Os ventos de mudança estão definitivamente soprando na direção do mundo islâmico. Há duas semanas, os setores ditos reformistas que apóiam o presidente Mohammed Khatami obtiveram uma estrondosa vitória nas eleições parlamentares do Irã. No último ano, dois países árabes tradicionalistas, Marrocos e Jordânia, viram seus soberanos quase absolutos (Hassan II e o rei Hussein, respectivamente) desaparecerem para dar lugar a herdeiros jovens e pouco experientes, mas que estão surpreendendo pela velocidade com que estão abalando as estruturas de seus países. Mohammed VI, 36 anos, começou a desmantelar o formidável aparelho repressivo montado no Marrocos por seu pai, Hassan II. Já o rei da Jordânia, Abdullah II, dois anos mais velho que o marroquino, vem se revelando um soberano informal, preocupado em integrar seu país no mundo globalizado e fustigando a poderosa burocracia jordaniana com incertas.
 

As mudanças no Marrocos foram aparentemente mais profundas. Logo que assumiu o trono, em julho passsado, Mohammed VI decretou uma anistia para cerca de oito mil presos e reduziu as penas de outros 40 mil. Meses depois, permitiu a volta ao país de um dos mais ferrenhos adversários políticos de seu pai, o líder comunista Abraham Serfaty, que estava exilado na França há oito anos. A família do mais famoso dissidente marroquino, Mehdi Bem Barka, assassinado em 1965 em Paris, também foi autorizada a voltar ao Marrocos. Mas o mais surpreendente foi a demissão, em novembro, do poderoso ministro do Interior, Driss Basri, considerado a eminência parda de Hassan II durante 25 anos.

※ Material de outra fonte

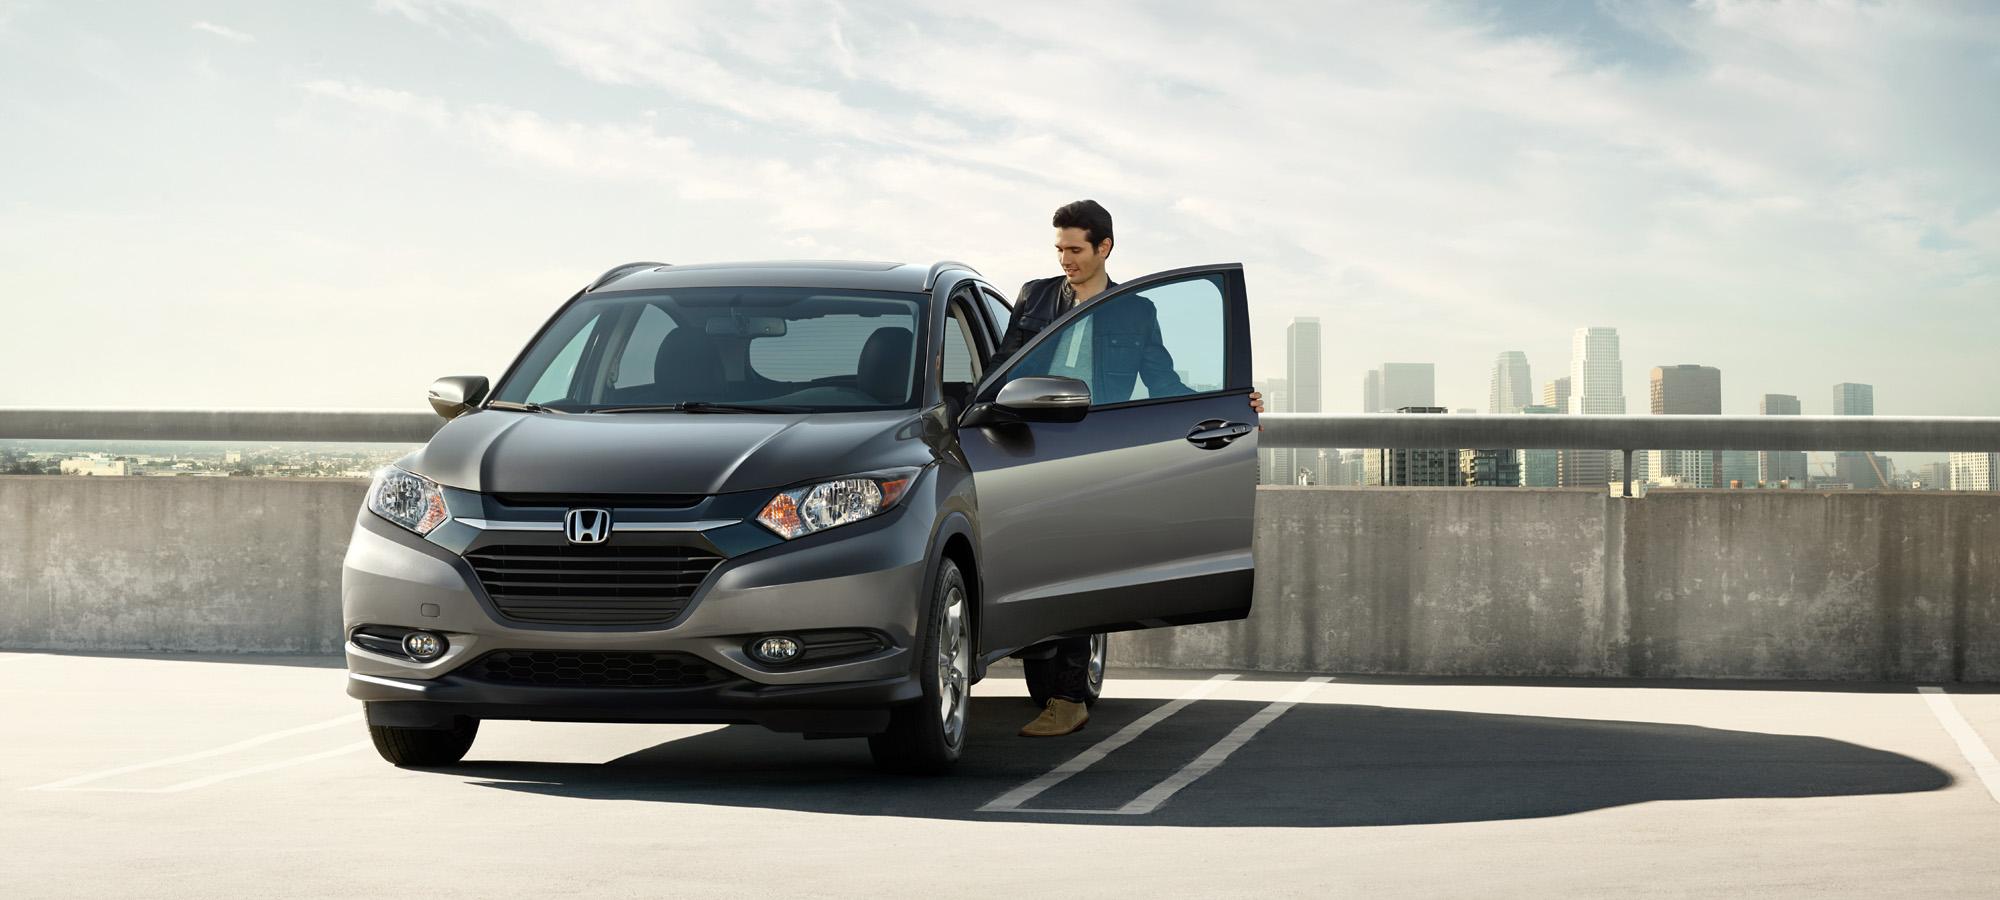 2016 Honda HR-V For Sale in Waukesha, WI

Do alto de seu poder, Basri controlava não apenas o aparelho repressivo mas também o processo eleitoral, as comunicações marroquinas e o espinhoso Saara Ocidental, ex-território espanhol que o Marrocos disputa com guerrilheiros.
 

Já o rei Abdullah II, descendente direto do profeta Maomé, vem se dedicando a inspecionar seu reino disfarçado de mufti (líder religioso), para pavor dos burocratas, reinventando uma velha tradição árabe. O jovem monarca tem se enveredado por seus domínios enfrentando filas e ouvindo queixas. Tido como frívolo e leviano antes de assumir, preocupado com carros e mulheres, Abdullah foi promovido a príncipe-herdeiro na última hora, quando o rei Hussein, já devastado pelo câncer, afastou o herdeiro designado, seu irmão Hassan. “Ele compreendeu rapidamente as necessidades de seu papel”, comentou a secretária de Estado americana, Madaleine Albright. Pragmático e formado em escolas ocidentais, Abdullah vem se mostrando especialmente preocupado em reanimar a combalida economia jordaniana. “Não estamos preocupados com ameças em nossas fronteiras. O único problema que a Jordânia tem pela frente é sua economia”, declarou o rei a um grupo de executivos americanos do setor de alta tecnologia que visitou o país no ano passado.
Tanto no Irã, que dá seus primeiros passos na direção do pluralismo, quanto no Marrocos e na Jordânia, a questão é saber se as iniciativas reformistas que vem sendo feitas “pelo alto” poderão criar raízes na sociedade civil e produzir instituições verdadeiramente democráticas. Do contrário, elas ficarão dependentes das iniciativas políticas de seus líderes e ninguém garante que não desaparecerão com eles na próxima batalha sucessória.